Concept:
Kohlrausch's law lets us build up the conductivity of a whole electrolyte (when it is infinitely diluted) by simply adding the separate contributions of its positive and negative ions. The shape of the conductivity graph is also different for strong and weak electrolytes, and that difference is the key to this question.
Step 1: State the law in words
Kohlrausch's law of independent migration of ions says that at infinite dilution (when the solution is so dilute that the ions move totally freely and do not disturb each other), the limiting molar conductivity of an electrolyte is the sum of the limiting molar conductivities of its cation and its anion, each counted as many times as it appears:
\[ \Lambda^\circ_m = \nu_+ \lambda^\circ_+ + \nu_- \lambda^\circ_- \]

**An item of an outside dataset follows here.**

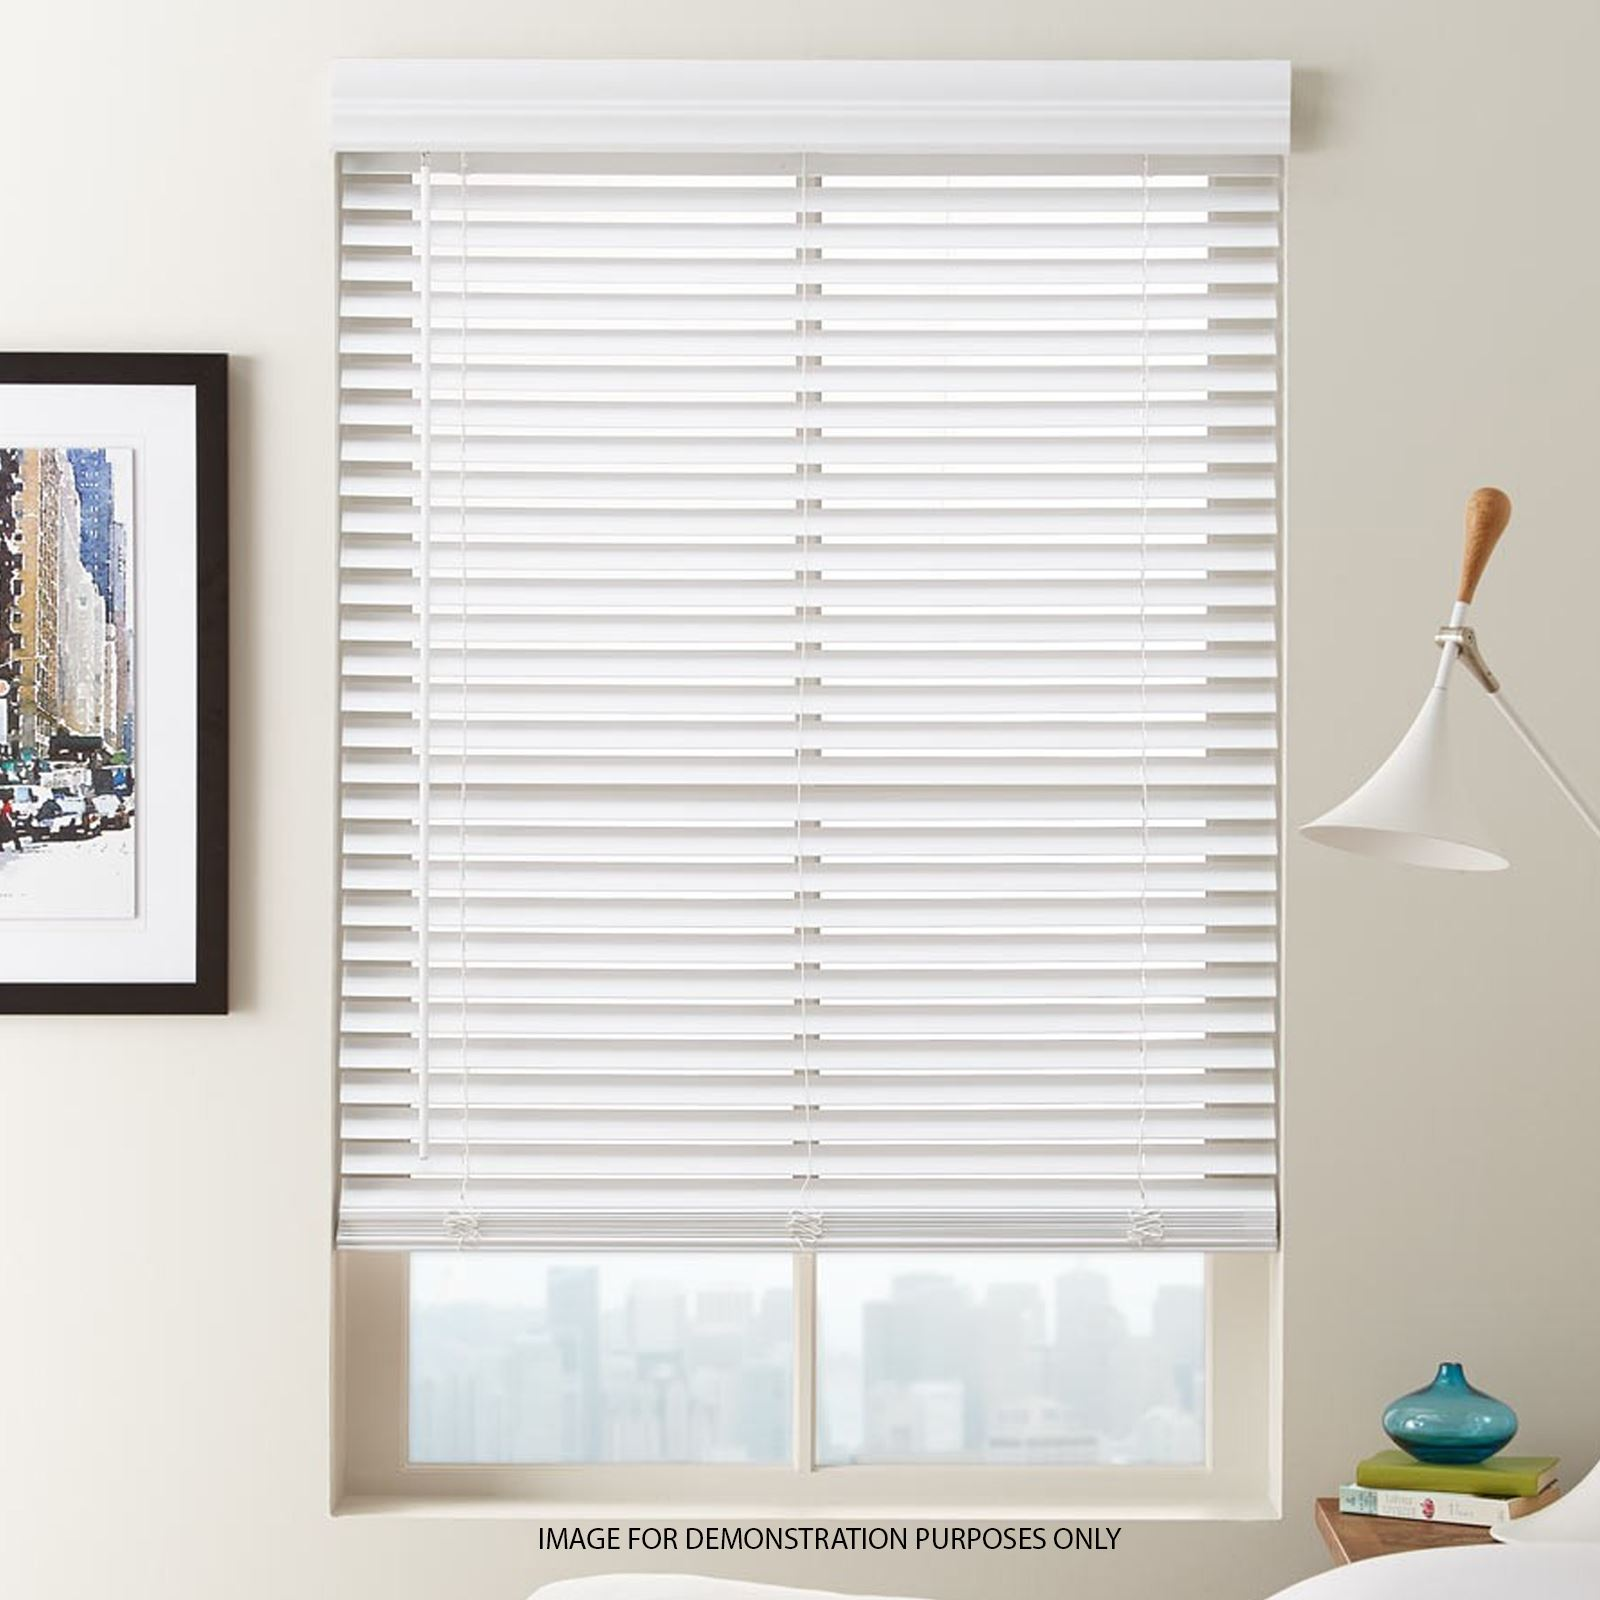 Venetian Blind Office Home Window Blinds Trim-able Easy Fit Drop 210cm Cream PVC
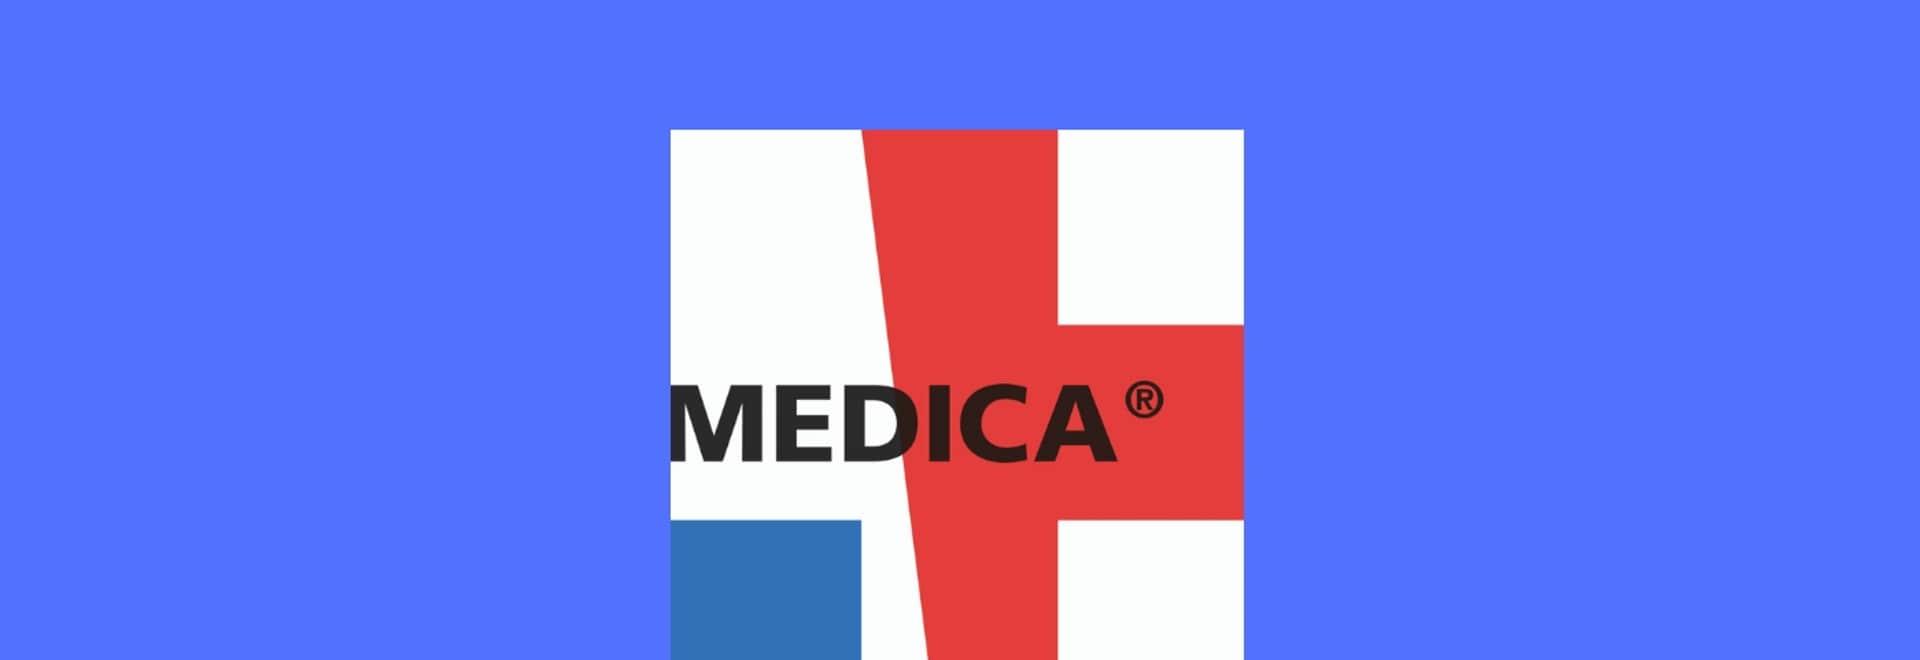 Gloreha en MEDICA 2018

Here $\nu_+$ and $\nu_-$ are the numbers of cations and anions per formula unit.
Step 2: The curve for a strong electrolyte
If you plot molar conductivity $\Lambda_m$ against $\sqrt{c}$ for a strong electrolyte (say KCl), you get an almost straight line. Strong electrolytes are fully broken into ions even at higher concentrations, so the line is steady and gentle. You can simply extend (extrapolate) this straight line back to where $c = 0$ and read off $\Lambda^\circ_m$ from the graph. Easy and reliable.
Step 3: The curve for a weak electrolyte
For a weak electrolyte, like acetic acid, the story is different. At normal concentrations only a small fraction of it splits into ions, so its molar conductivity stays low. But as you keep diluting, more and more of it breaks into ions, and very close to infinite dilution the molar conductivity shoots up very steeply. This makes the curve bend sharply upward near the $\Lambda_m$ axis instead of staying straight. Because the curve rises so steeply and is not a straight line near $c = 0$, you cannot extend it to find $\Lambda^\circ_m$ by extrapolation. So instead we calculate $\Lambda^\circ_m$ for the weak electrolyte indirectly, by adding the known ionic values using Kohlrausch's law.
Answer: $\Lambda^\circ_m = \nu_+ \lambda^\circ_+ + \nu_- \lambda^\circ_-$. For weak electrolytes the conductivity curve rises too steeply near zero concentration to be a straight line, so it cannot be extrapolated; we use Kohlrausch's law with ionic values instead.